Sen. Tom Cotton: ‘It’s Time to Send Home the Troops’ Stationed in D.C.

National Guard Citizen-soldiers exit after a U.S. Capitol tour on January 23, 2021 in Wash
Brandon Bell/Getty Images

Sen. Tom Cotton (R-AR) penned an op-ed for Fox News on Wednesday that called for the removal of National Guard troops from Washington, DC, following the presidential inauguration of Joe Biden.

Cotton opened the piece by detailing his calls for National Guard troops to be sent into cities last summer as “left-wing mobs rioted in the streets.”

“My position was grounded in federal law, based on many historical precedents, and supported by a majority of Americans,” Cotton wrote. “But this argument outraged many on the left, so much so that the editor of the New York Times opinion page lost his job for publishing it.”

“But when a different mob chanting different slogans threatened our Capitol, many of my critics sang a different tune,” Cotton added. “I’m ruefully gratified that so many of them have rallied to my side. Perhaps they’ll show more gratitude for law enforcement the next time a mob threatens public safety and order, no matter what cause the perpetrators claim to support.”
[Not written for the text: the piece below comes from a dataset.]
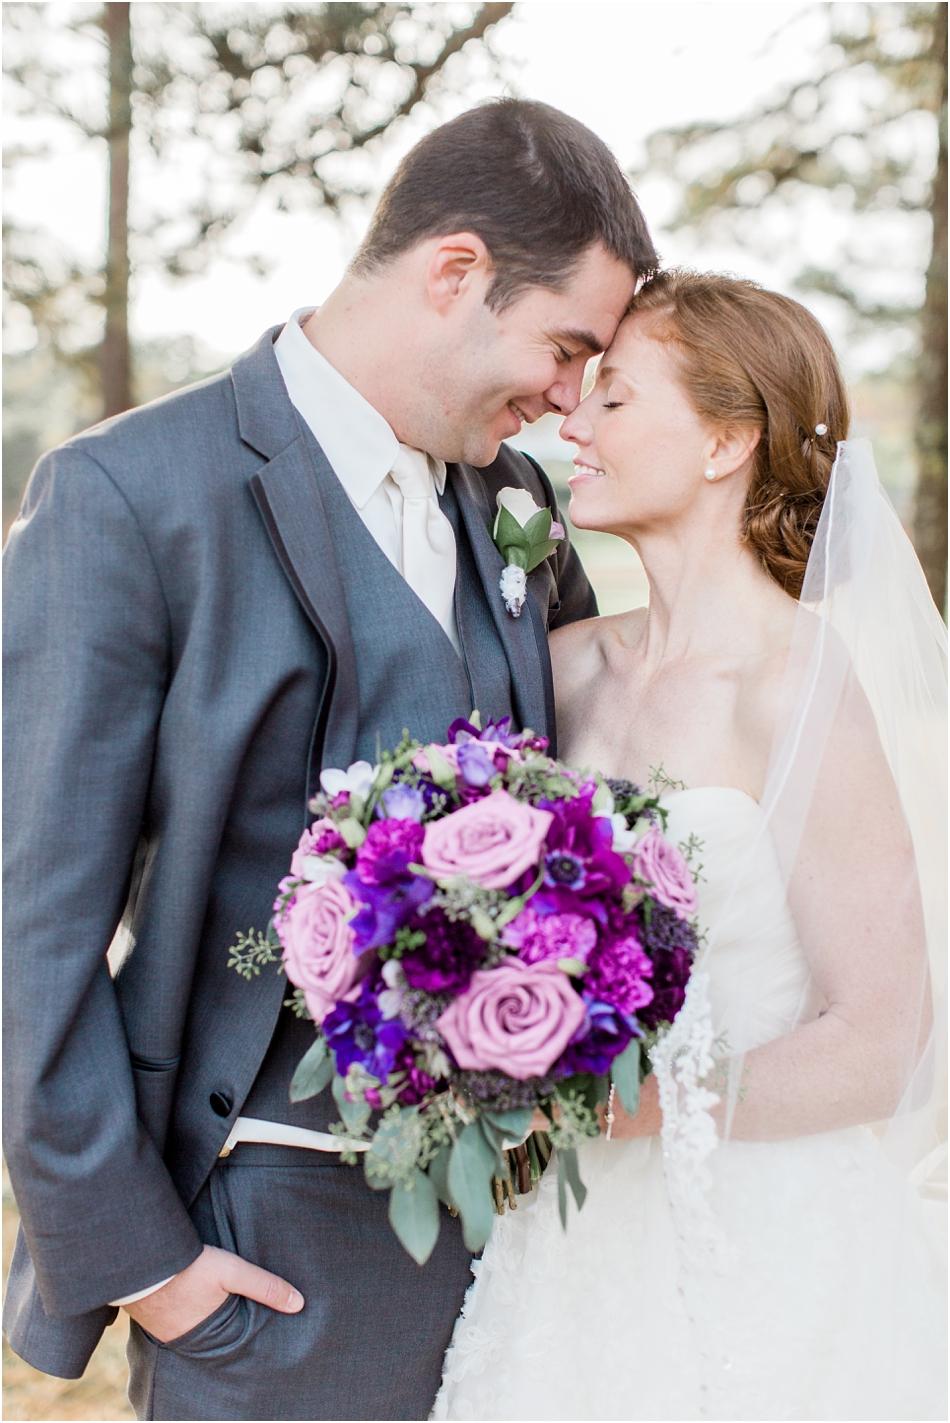 willowbend_megan_david_country_club_cape_cod_boston_new_england_wedding_photographer_Meredith_Jane_Photography_photo_0202.jpg

Cotton praised the troops that have been stationed in D.C. for some time now, offering gratitude for those that “deployed on short notice, leaving behind their families and jobs.”

“Despite cold weather and uncomfortable conditions, these soldiers did their duty, in the finest traditions of the Guard,” Cotton said. “Their presence, coupled with tough federal charges against the Capitol rioters, deterred any further violence; the presidential inauguration occurred without incident. With the inauguration complete and threats receding, now it’s time, yes, to send home the troops.”

Cotton, a member of the Intelligence Committee, also stated that he has seen “no specific, credible threat reporting—as distinguished from aspirational, uncoordinated bluster on the internet—that justifies this continued troop presence. Thus, I believe the rest of these soldiers should also go home to their families and civilian jobs.”

“The lesson of the Capitol riot is not that we should quarter a standing army at the Capitol just in case, but rather that our security measures should be calibrated to the actual threats,” Cotton asserted.

Cotton, while highlighting the measures that should have been taken to better control the situation, noted D.C. Mayor Muriel Bowser’s involvement, who he claimed “insisted that the small detachment of National Guard soldiers who deployed to assist with traffic control come unarmed” and “pandered to anti-police radicals by sending a letter to the acting Attorney General discouraging additional deployments of federal law enforcement.”

“The last few weeks have shown, to paraphrase Ecclesiastes, that there is a time to send in the troops, and a time to send them home,” Cotton concluded. “Those decisions must reflect actual security needs—not ideological pandering and knee-jerk reactions.”